RNA isolation - i want to show a gel (Jul/08/2005 )

Hi fellows,
I am performing RNA isolation with trizol reagent. I always run an aliquot of RNA in a native agarose gel to watch its integrity. I get bands corresponding to human ribosomal RNAs (28S, 18S and 5S) but I get an extra band that migrates faster than 5S-tRNAs. (please see it in the attached photo) I dont think that its a degradation product because the ratio of 28S/18S is higher than two. Besides there isnt a smear below any band. So I wonder if someone has found something like that and what could it be. thanks.

Hi assuming the far right is some kind of -ve control or a failed isolation could the banding youre refering to simply be the dye front?

I have to confess, I find your gel most curious and that band more curious still.

How many micrograms of RNA did you load and what is in those last 3 lanes? Also, how did you stain your gel. That does not look like EtBr.

It could be degraded RNA, but with 28 and 18S band looking so tight, I doubt it.

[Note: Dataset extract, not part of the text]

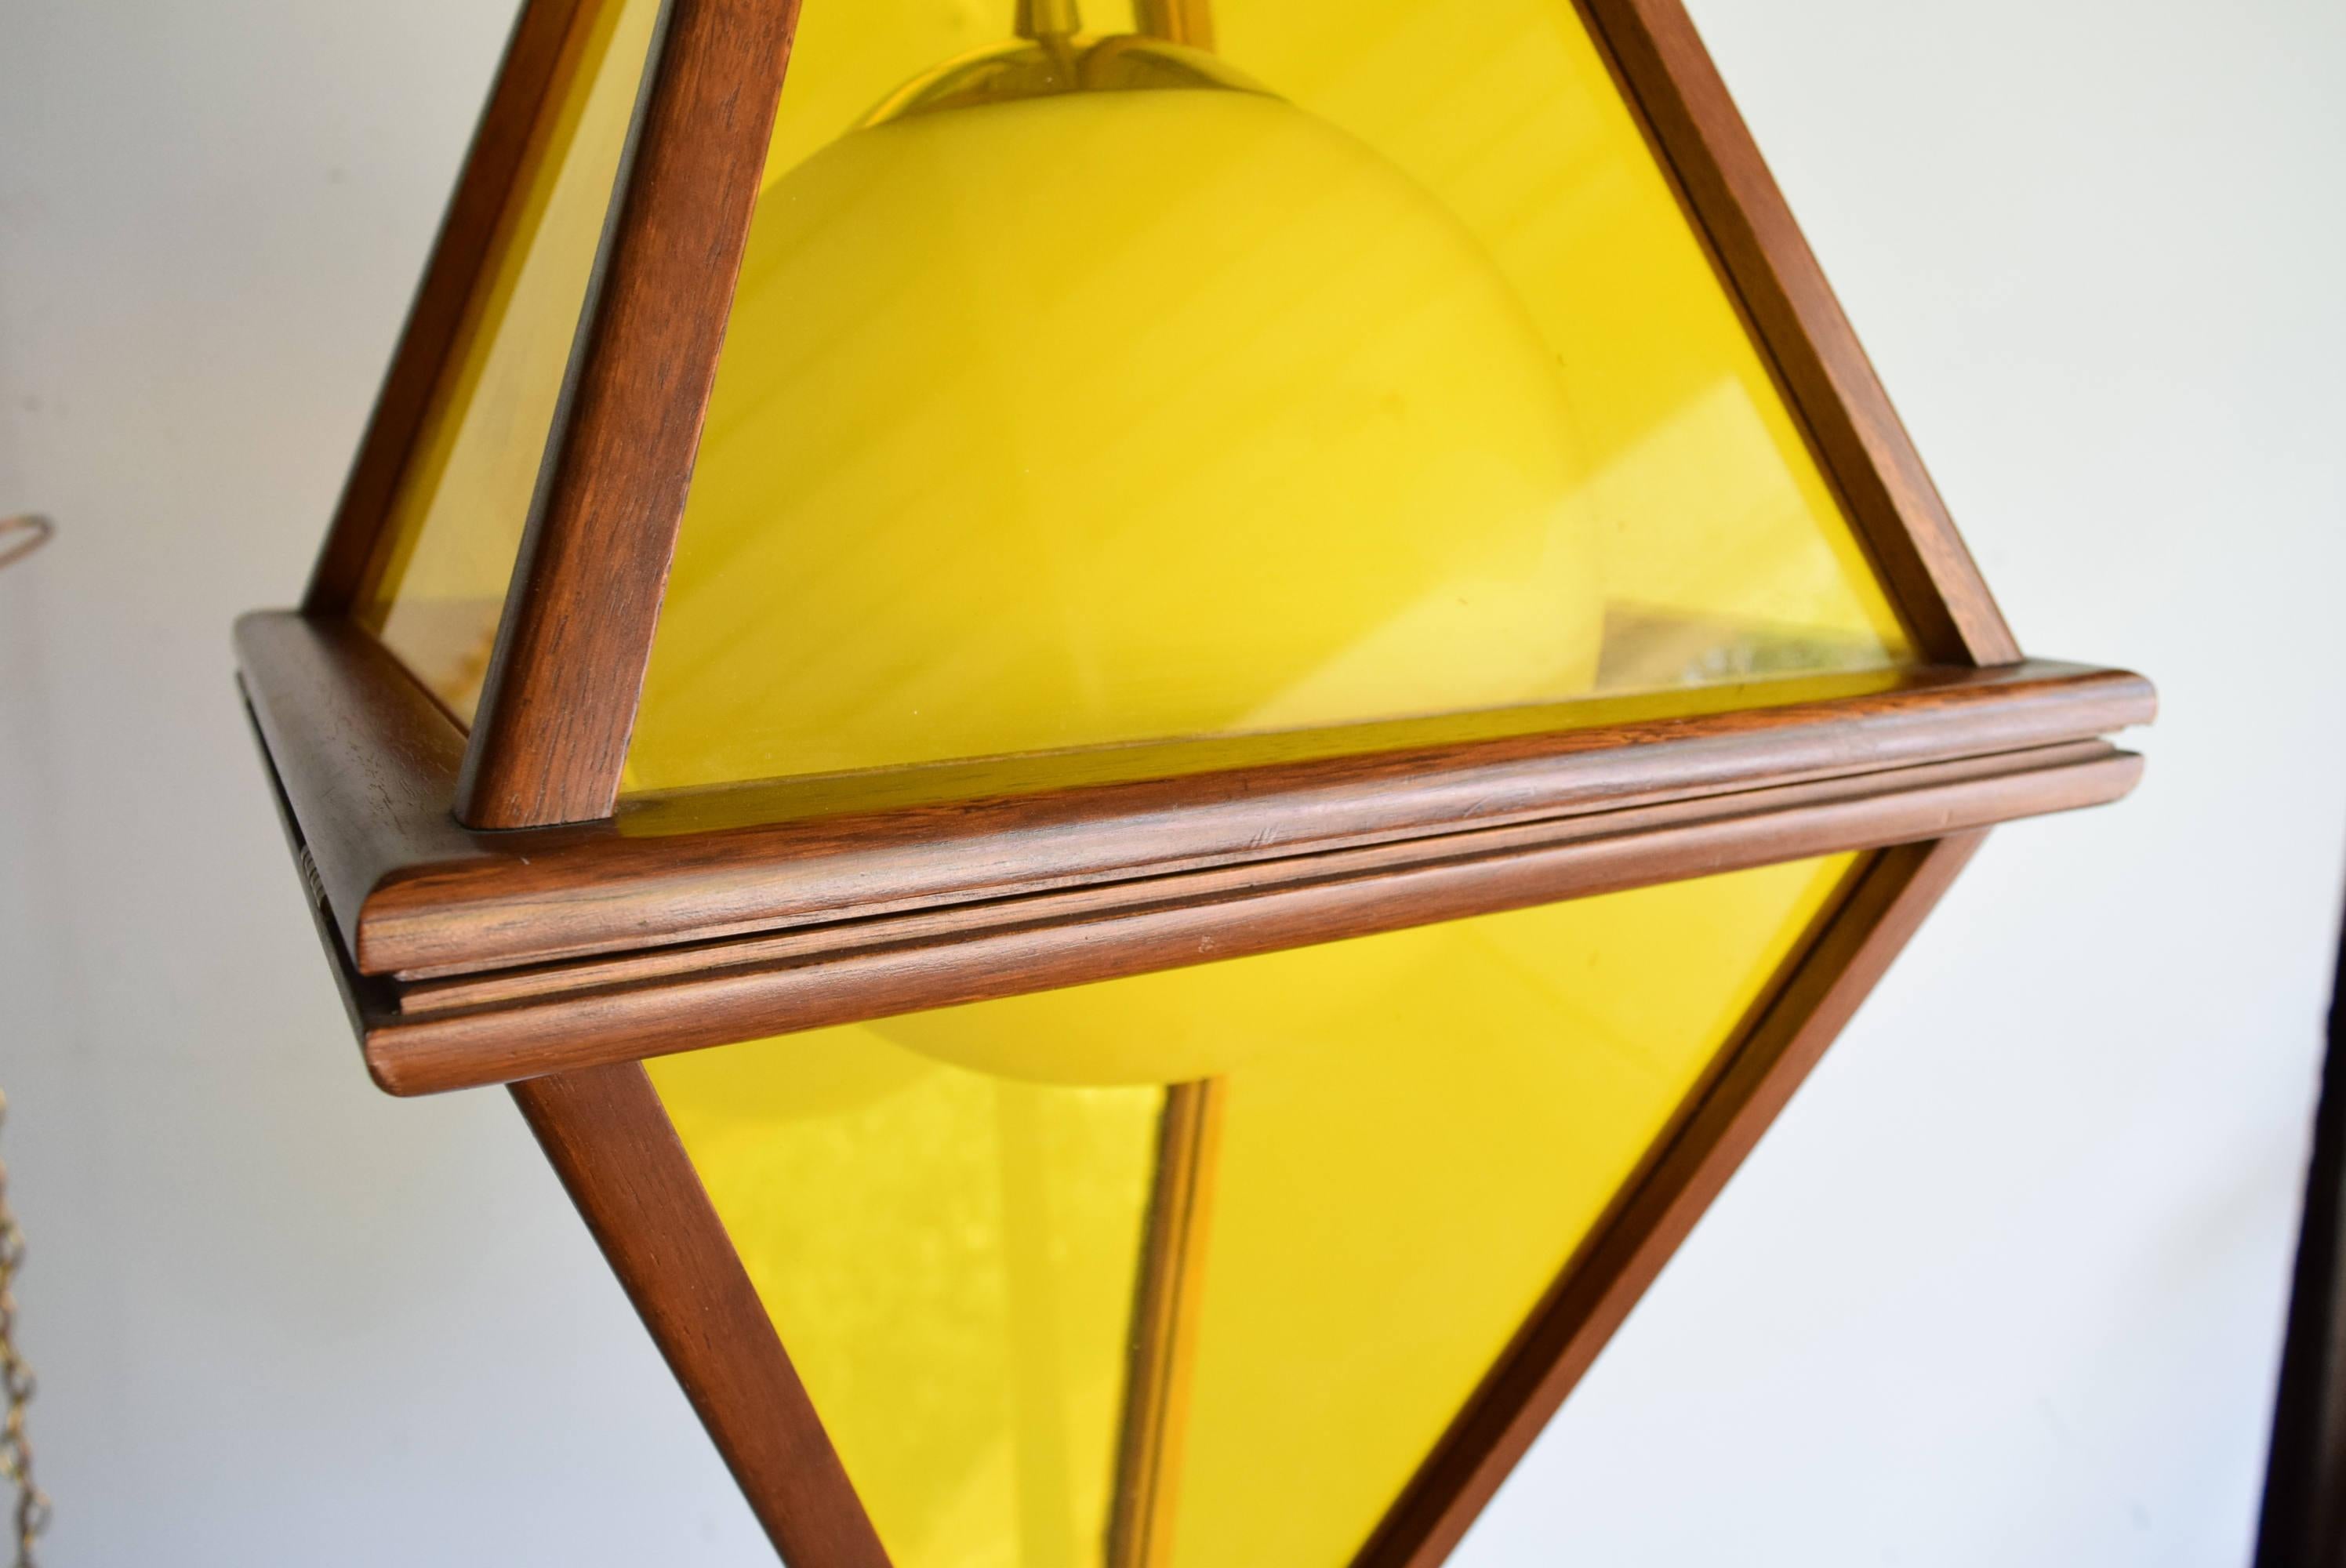 Midcentury Danish Modern Teak and Yellow Acrylic Hanging Pendant Light In Good Condition For Sale In Detroit, MI

Also, if it was loading dye, I would expect it in the last three lanes.

Hi again
The gel is stained with EtBr. I ve inverted the colours to safe ink. I runned 8 ug per lane and rigthest are failed isolations ('re paralel isolations but from HL60, which are difficult for this porpouse). as you said the lower band it is not dye but it doesnt seem to be a degradation product. it is an enigma for the people in my lab even for the more experienced.

Re run the gel. Load 1ug and see what happens.

8ug of RNA is alot to load on a gel. I am hoping this is an artifact due to the high mass.